→ **Task to carry out**
Restate each of the lines below word for word and drop every picture.
(Source material Opens)
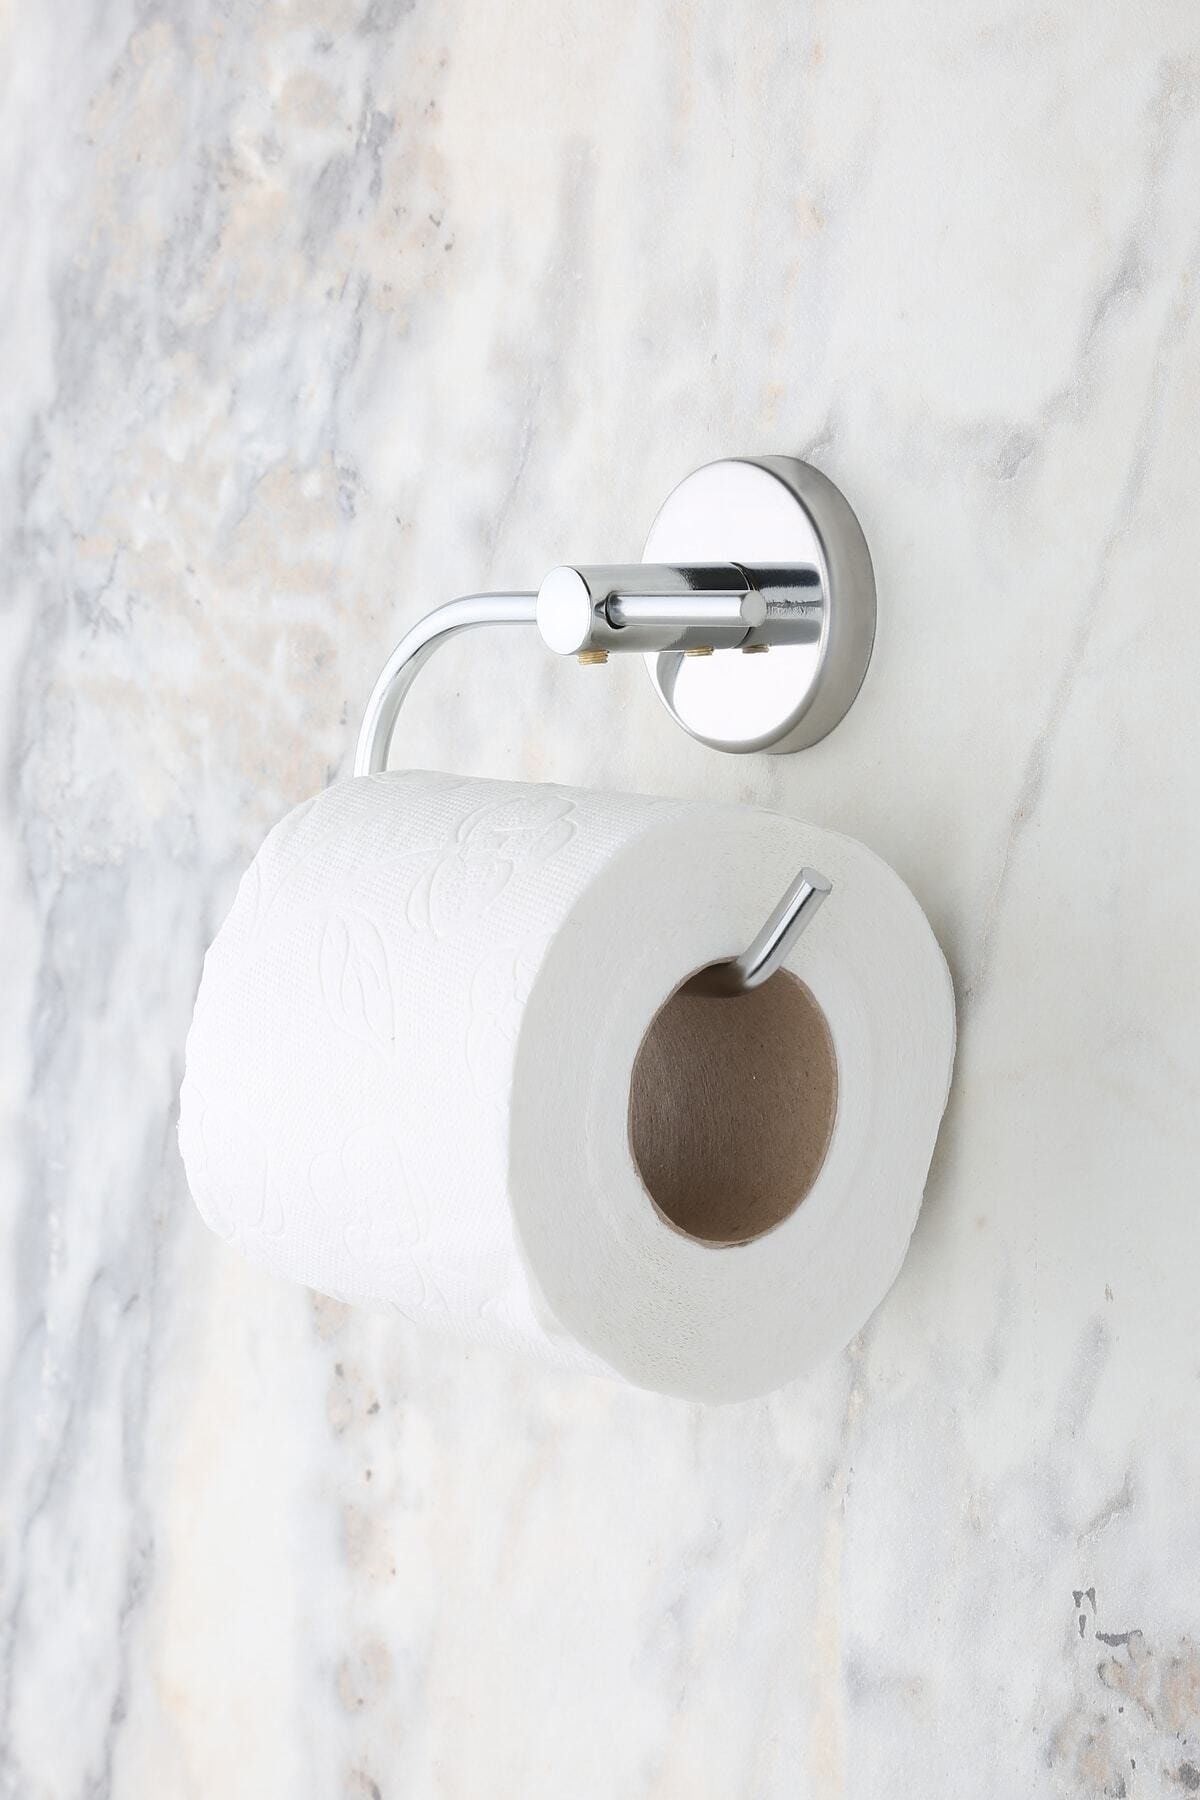 MultiStore Krom Açık Tuvalet Kağıtlığı Wc Kağıtlık Tuvalet Kağıdı Askısı
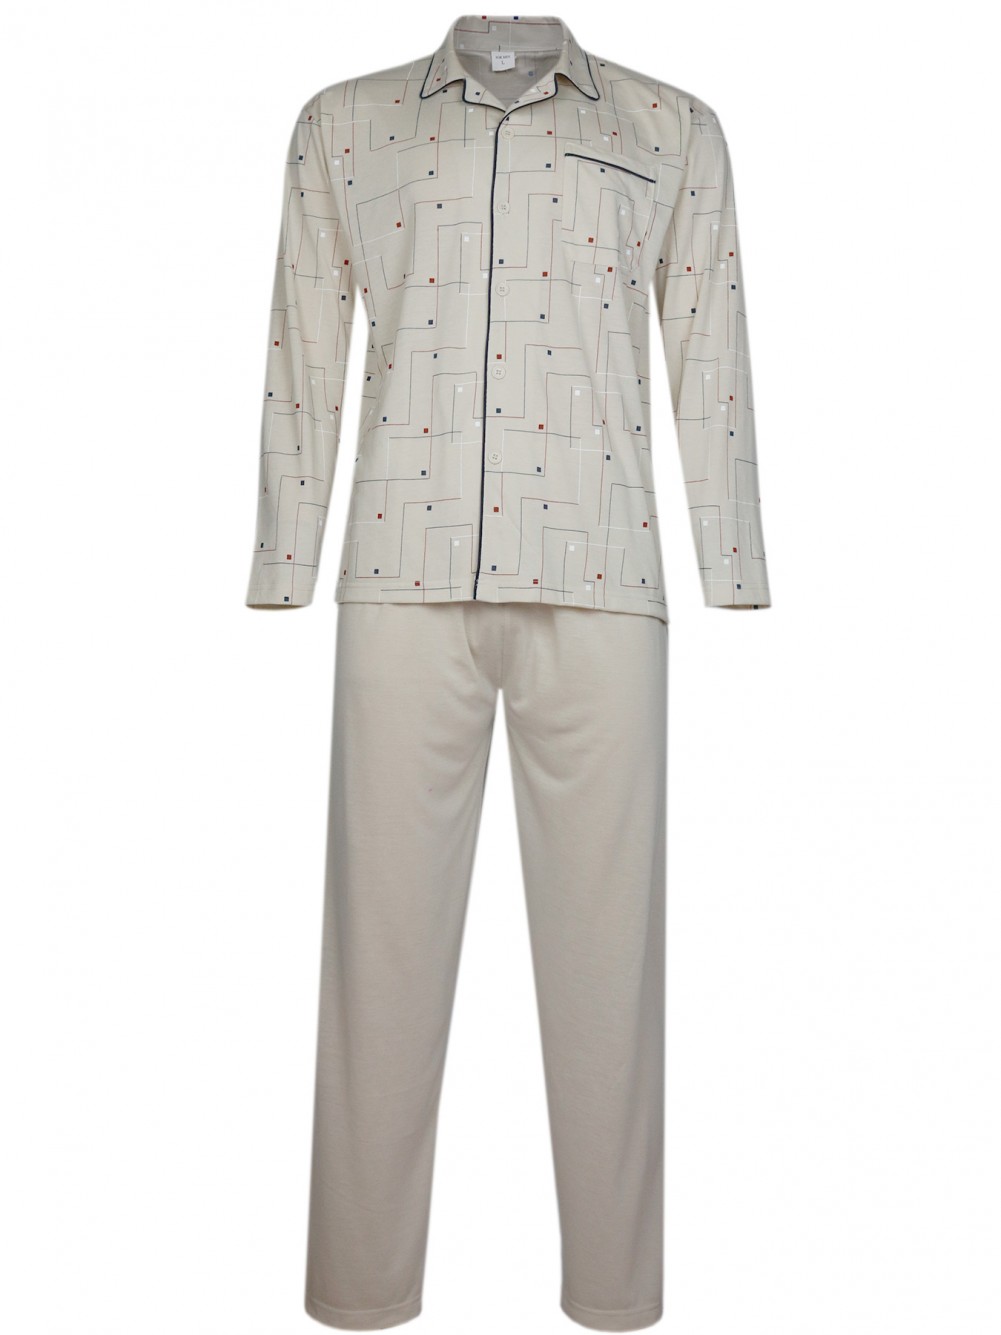 Herren Pyjama - langer Schlafanzug in Jersey Qualität - Beige
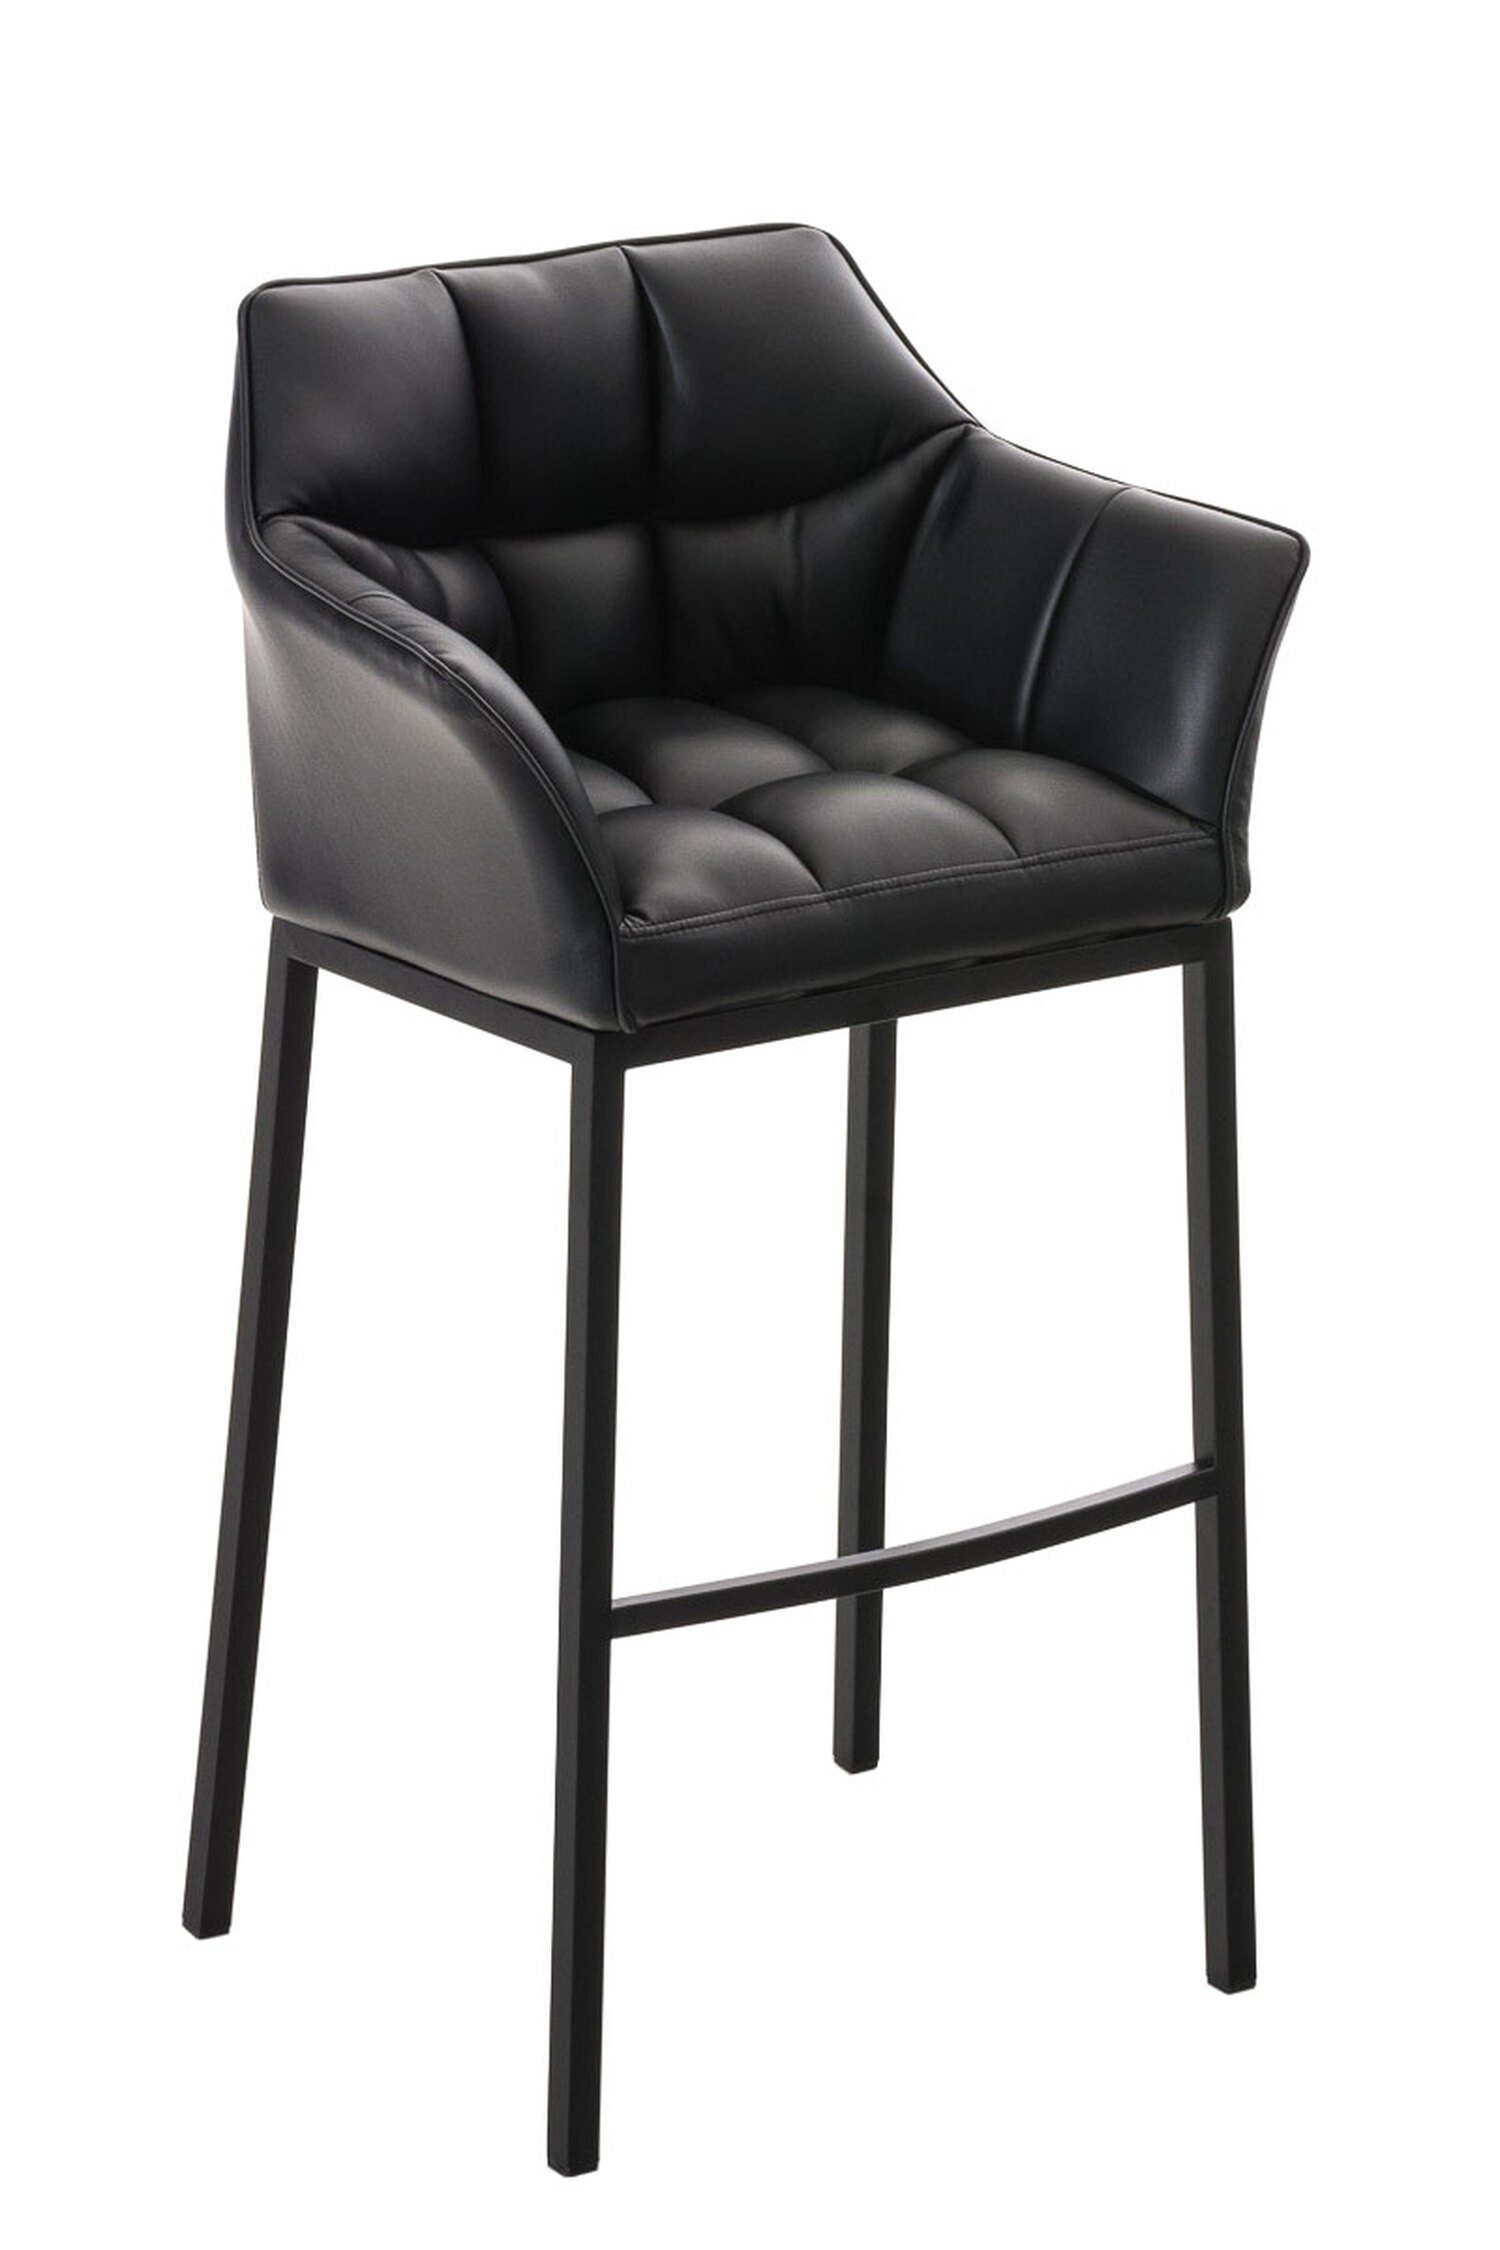 TPFLiving Barhocker Damaso (mit Rückenlehne und Fußstütze - Hocker für Theke & Küche), 4-Fuß Gestell schwarz - Sitzfläche: Kunstleder Schwarz
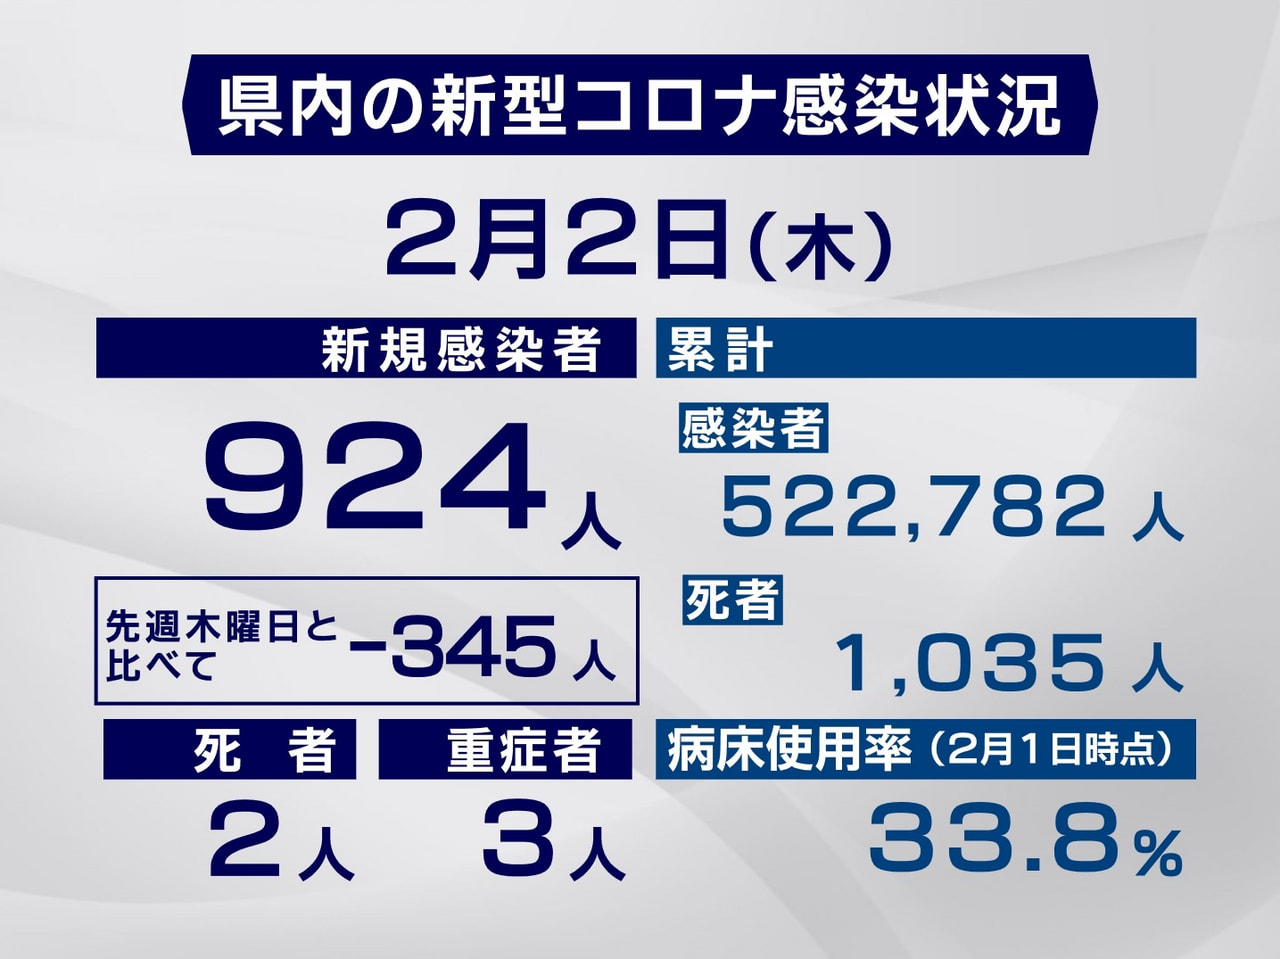 岐阜県と岐阜市は２日、新型コロナウイルスの感染者が新たに９２４人、また、２人の死...
(Source material Closes)
→ **Answer for the task**
 MultiStore Krom Açık Tuvalet Kağıtlığı Wc Kağıtlık Tuvalet Kağıdı Askısı
 Herren Pyjama - langer Schlafanzug in Jersey Qualität - Beige
 TPFLiving Barhocker Damaso (mit Rückenlehne und Fußstütze - Hocker für Theke & Küche), 4-Fuß Gestell schwarz - Sitzfläche: Kunstleder Schwarz
 岐阜県と岐阜市は２日、新型コロナウイルスの感染者が新たに９２４人、また、２人の死...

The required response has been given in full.